After choosing an appropriate reduced model using least squares estimation, you refit the model using maximum likelihood estimation to obtain the most precise effects and coefficients. The results indicate that:

·    Time has the strongest effect at 2.0365. The ratio effect indicates that the standard deviation increases by a factor of 7.6636 when time is changed from the low to high level.

·    Temperature has the next strongest effect at 1.1491. The ratio effect indicates that the standard deviation increases by a factor of 3.1552 when temperature is changed from the low to high level.

·    Catalyst has the smallest main effect at .4300. The ratio effect indicates that the standard deviation increases by a factor of 1.5373 when catalyst is changed from the low to high level.
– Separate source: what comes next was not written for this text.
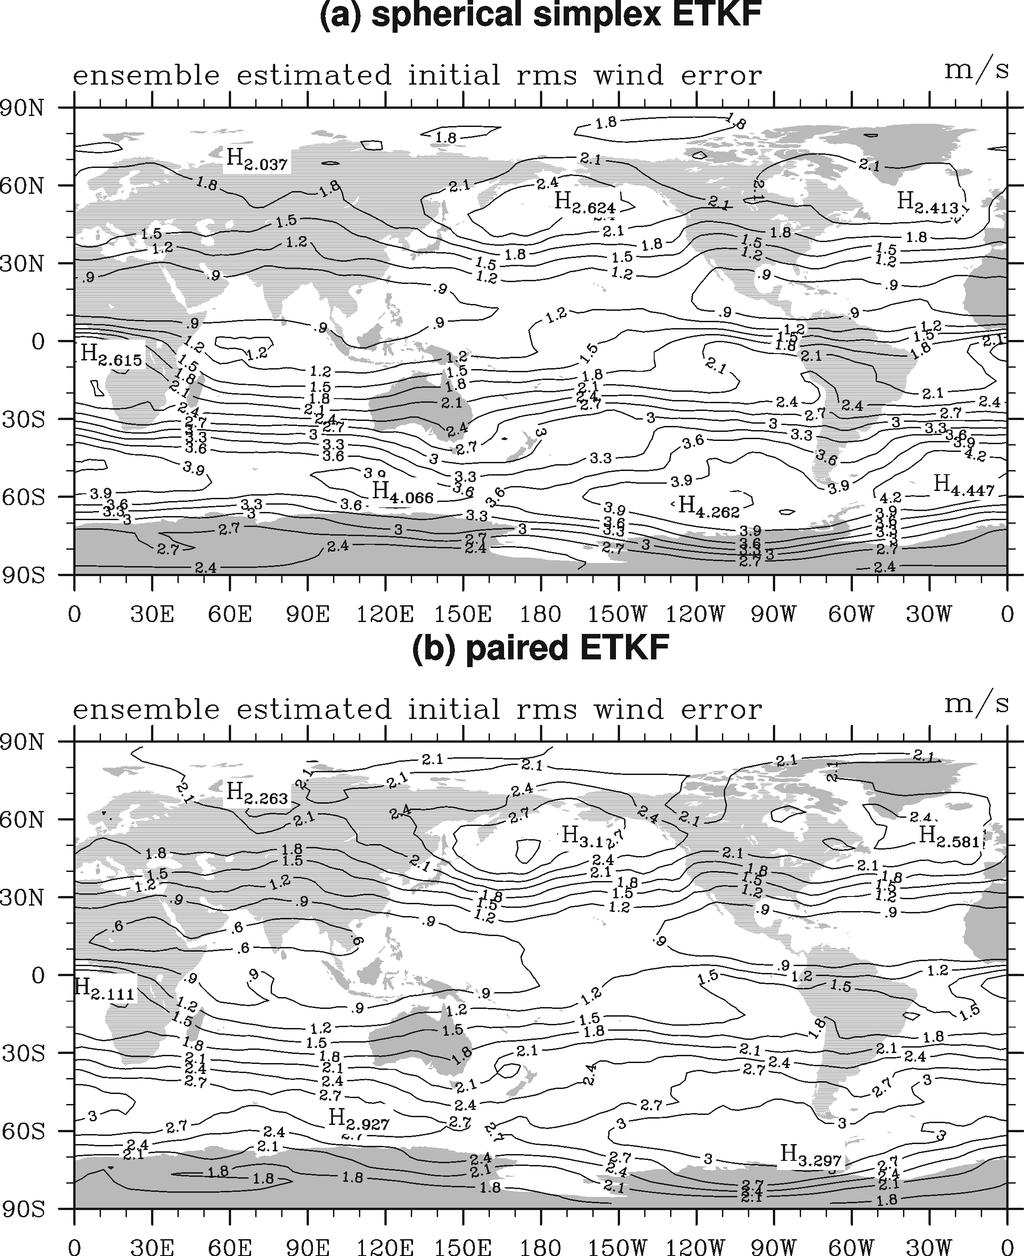 mean eigenvalues 900 800 700 600 500 400 300 200 100 0 paired ETKF spherical simplex ETKF 1 2 3 4 5 6 7 8 9 10 11 12 13 14 15 eigenvector number geographical variations of observations. Figure.

The interactions are not statistically significant at the 0.05 a-level. The interactions remain in the model because the p-values from the least squares estimation are more reliable.

The residuals plots show no evidence of patterns or outliers.

Note

If the data in this example were replicates, not repeats, the results and output would be exactly the same as the output shown above. Despite this, the results may have different practical implications depending on the sources of variability that you analyzed.

If you plan on analyzing the means of the data in Analyze Factorial Design, you may want to consider storing weights to adjust for the differences in variance among factor levels.